Directions: The answer must be an exact copy of the lines from the one with "Calories in Banza" through the final line below, with no pictures and nothing else.

Provided data:
◇ ◇ ◇ ◇ ◇ ◇ ◇

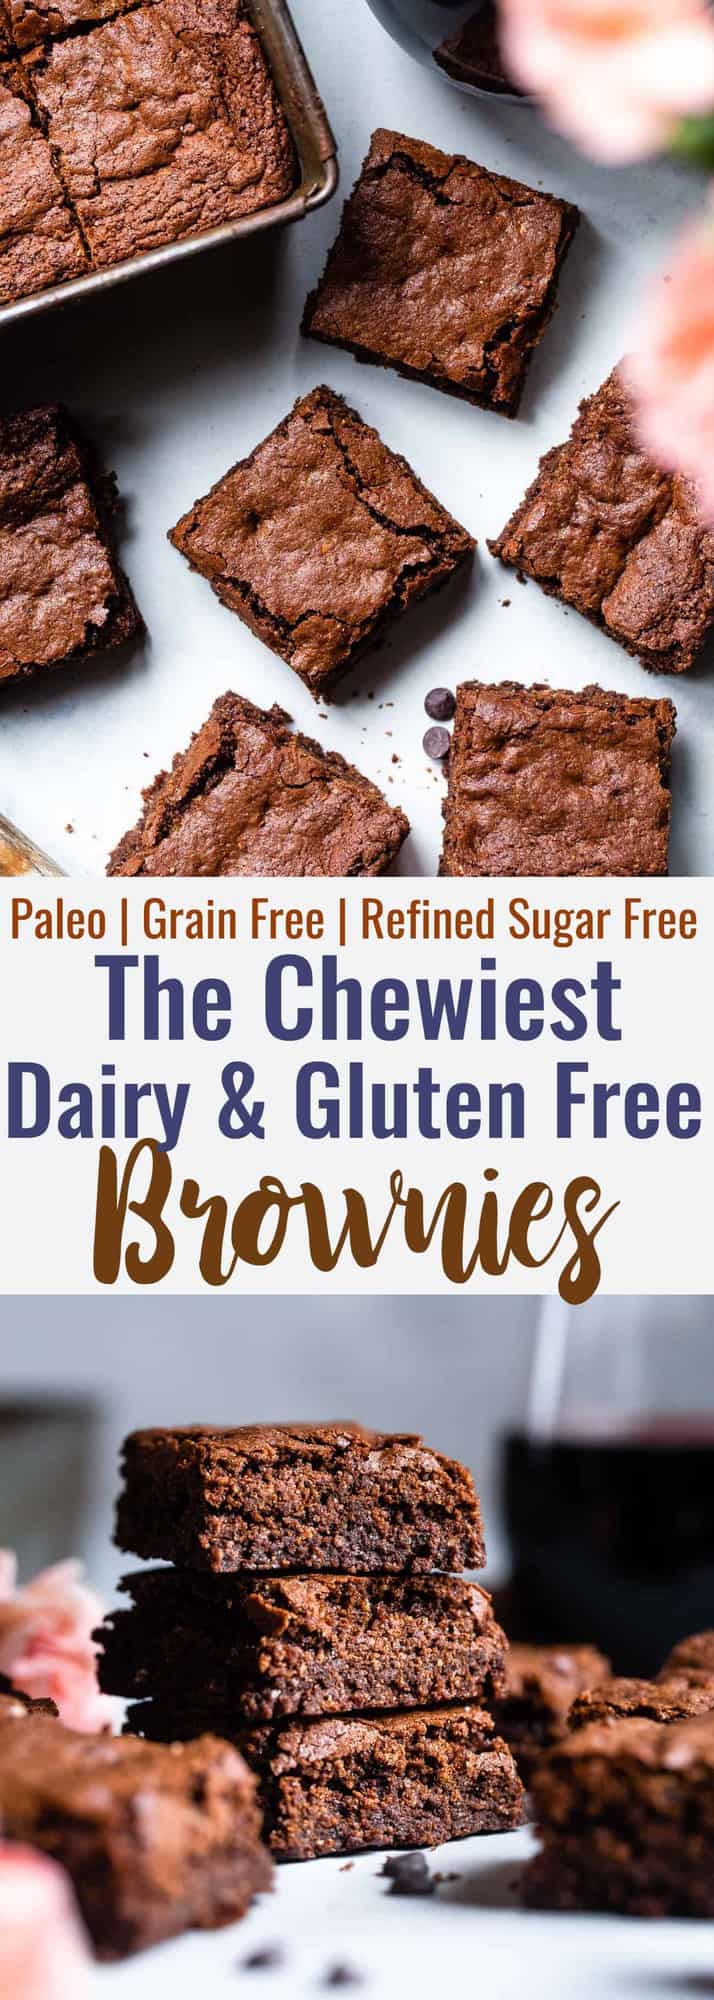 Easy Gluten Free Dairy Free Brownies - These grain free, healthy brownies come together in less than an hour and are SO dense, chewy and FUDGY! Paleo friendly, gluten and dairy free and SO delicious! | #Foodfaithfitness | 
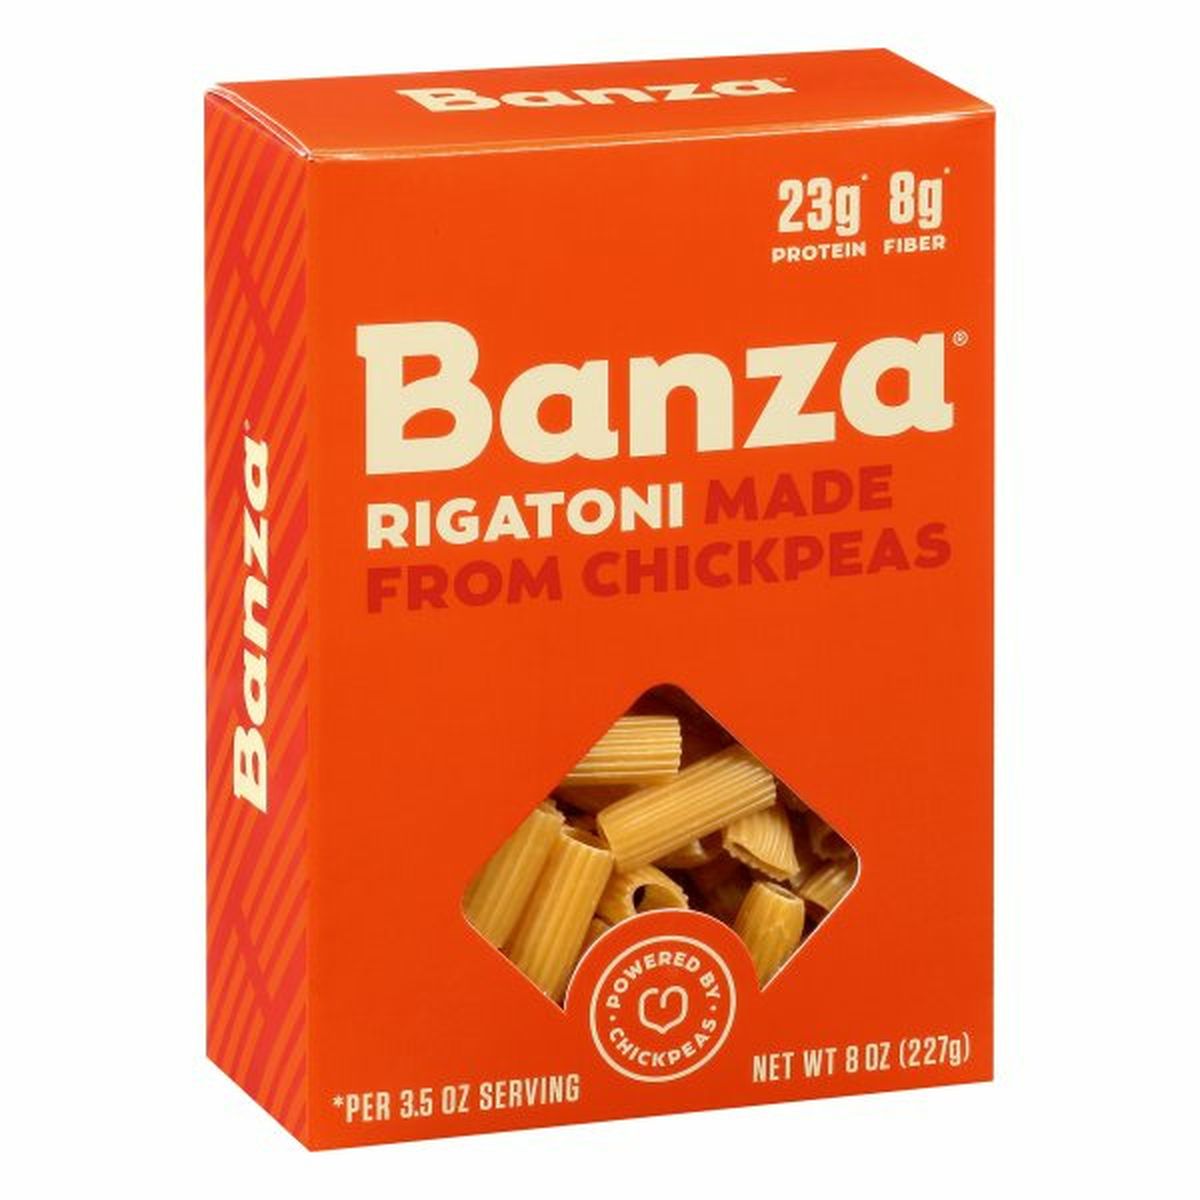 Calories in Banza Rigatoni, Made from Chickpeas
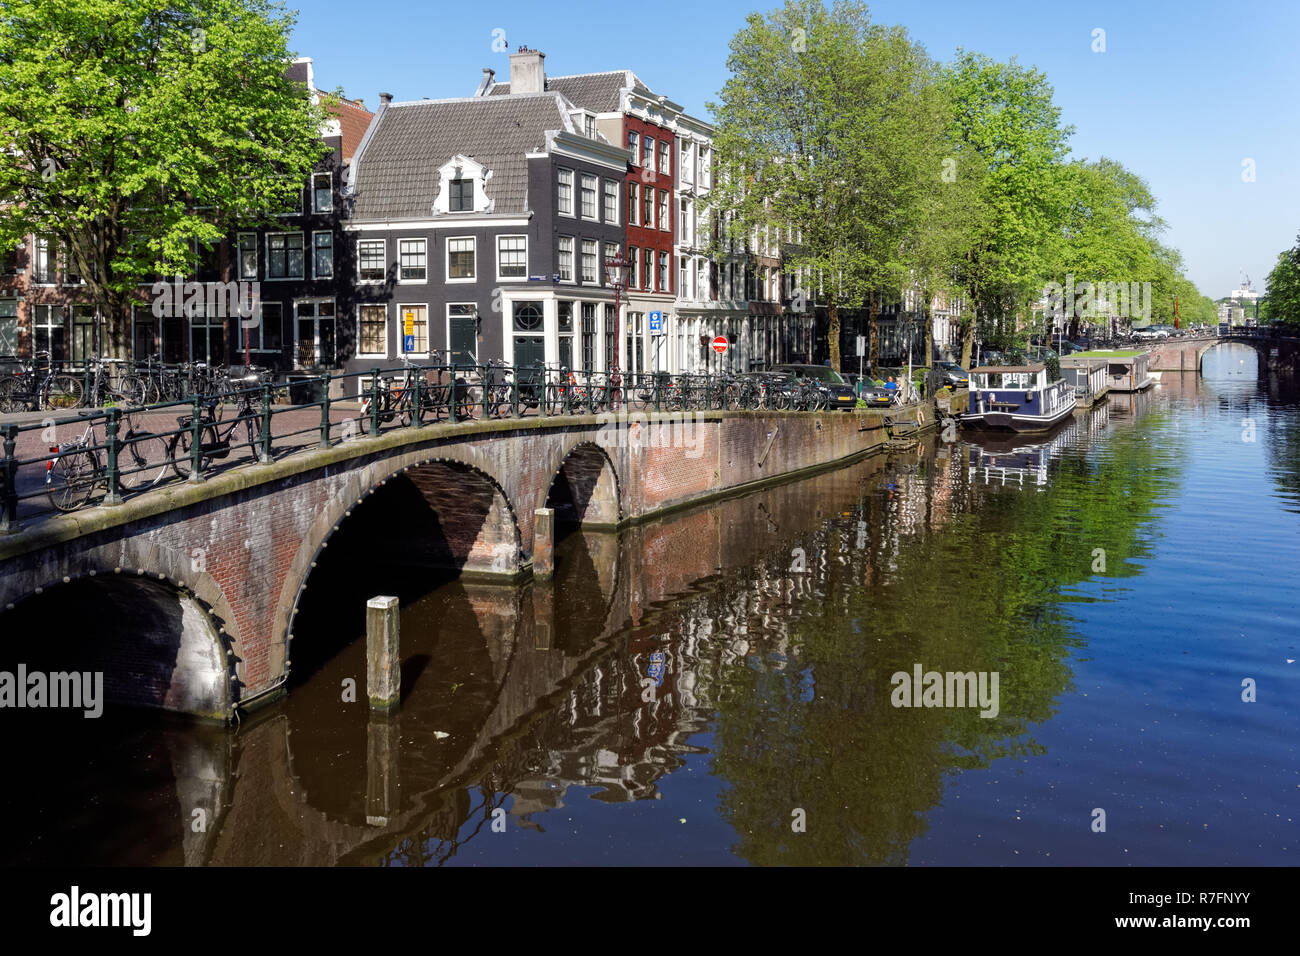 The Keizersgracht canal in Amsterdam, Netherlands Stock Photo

◇ ◇ ◇ ◇ ◇ ◇ ◇

Expected output:
 Calories in Banza Rigatoni, Made from Chickpeas
 The Keizersgracht canal in Amsterdam, Netherlands Stock Photo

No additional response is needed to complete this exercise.